像敏捷Scrum这样的迭代方法通常被用来增强软件开发过程。然而，进度和预算超支等挑战仍然存在于许多软件项目中。有几种方法使用机器学习技术，特别是分类，来促进迭代软件开发中的决策。现有的方法通常集中于描述冲刺，以预测生产率。我们介绍了Sprint2Vec，它利用了sprint信息的三个方面——sprint属性、问题属性和sprint中涉及的开发人员，来全面地描述它，以预测sprint的生产力和质量结果。我们的方法结合了传统的特征提取技术和基于自动深度学习的无监督特征学习技术。我们利用长短期记忆（LSTM）等方法来增强我们的特征学习过程。这使我们能够从非结构化数据中学习特性，例如问题的文本描述和开发人员活动的序列。我们在两个回归任务上对我们的方法进行了评估：预测可交付性（即，从冲刺中交付的工作量）和冲刺的质量（即，需要返工的交付工作量）。
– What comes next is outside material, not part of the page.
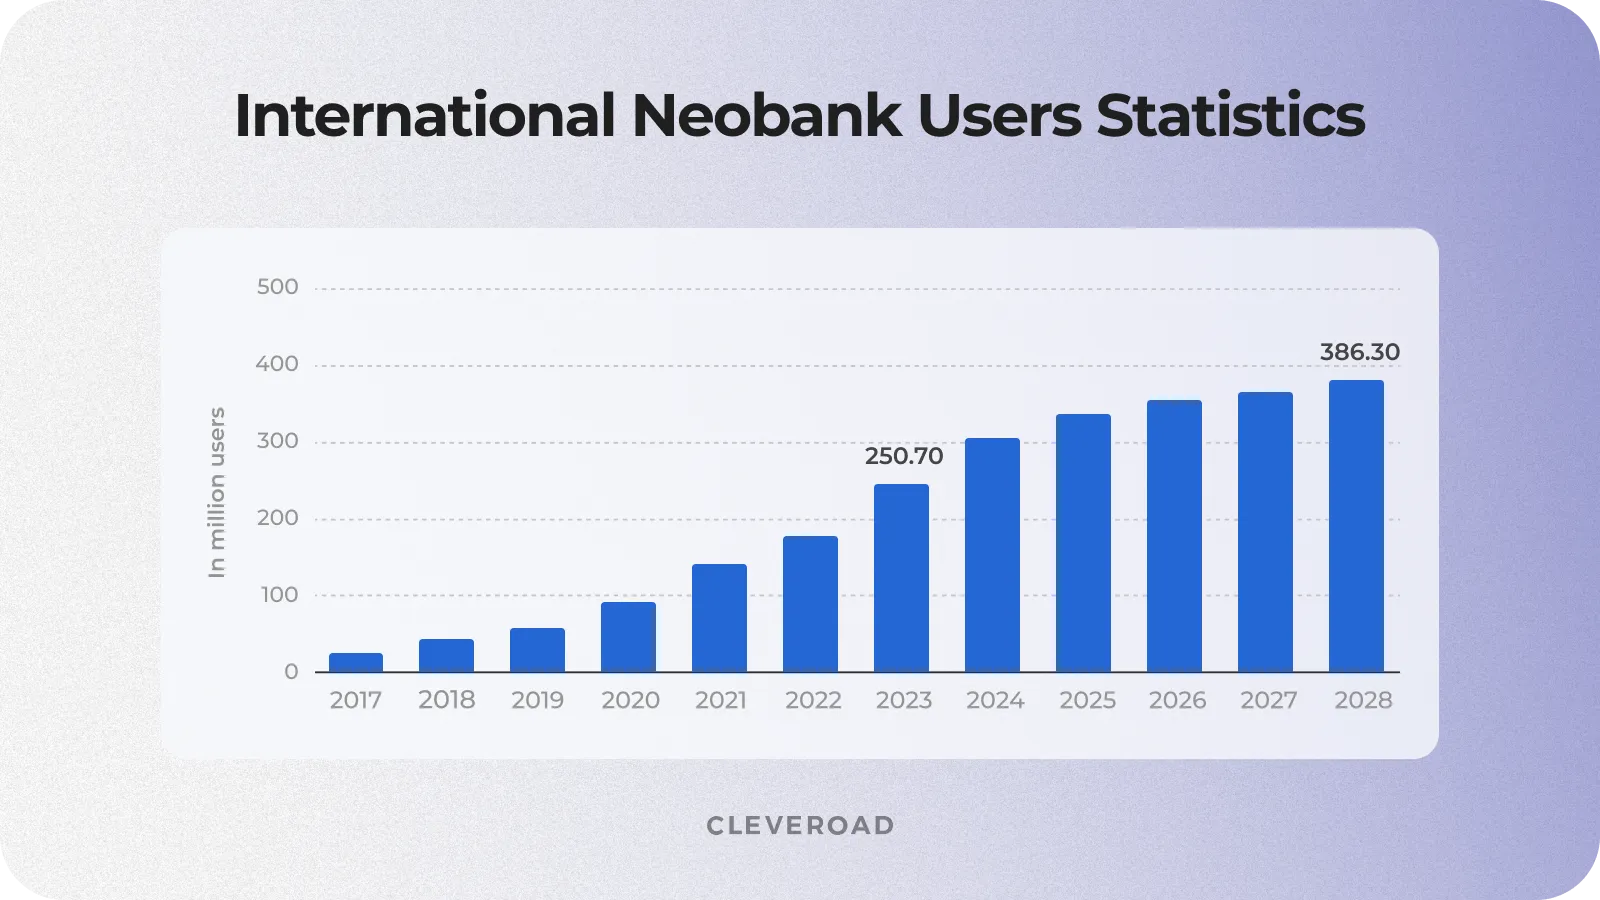 Neobank user adoption rate

在五个知名的开源项目（Apache、Atlassian、Jenkins、Spring和Talendforge）上的评估结果表明，与基线和替代方法相比，我们的方法具有优越的性能。

本文章由计算机程序翻译，如有差异，请以英文原文为准。

求助全文

约1分钟内获得全文去求助

来源期刊

IEEE Transactions on Software Engineering 工程技术-工程：电子与电气

CiteScore

9.70

自引率

10.80%

发文量

724

审稿时长

6 months

期刊介绍： IEEE Transactions on Software Engineering seeks contributions comprising well-defined theoretical results and empirical studies with potential impacts on software construction, analysis, or management. The scope of this Transactions extends from fundamental mechanisms to the development of principles and their application in specific environments. Specific topic areas include: a) Development and maintenance methods and models: Techniques and principles for specifying, designing, and implementing software systems, encompassing notations and process models. b) Assessment methods: Software tests, validation, reliability models, test and diagnosis procedures, software redundancy, design for error control, and measurements and evaluation of process and product aspects. c) Software project management: Productivity factors, cost models, schedule and organizational issues, and standards. d) Tools and environments: Specific tools, integrated tool environments, associated architectures, databases, and parallel and distributed processing issues. e) System issues: Hardware-software trade-offs. f) State-of-the-art surveys: Syntheses and comprehensive reviews of the historical development within specific areas of interest.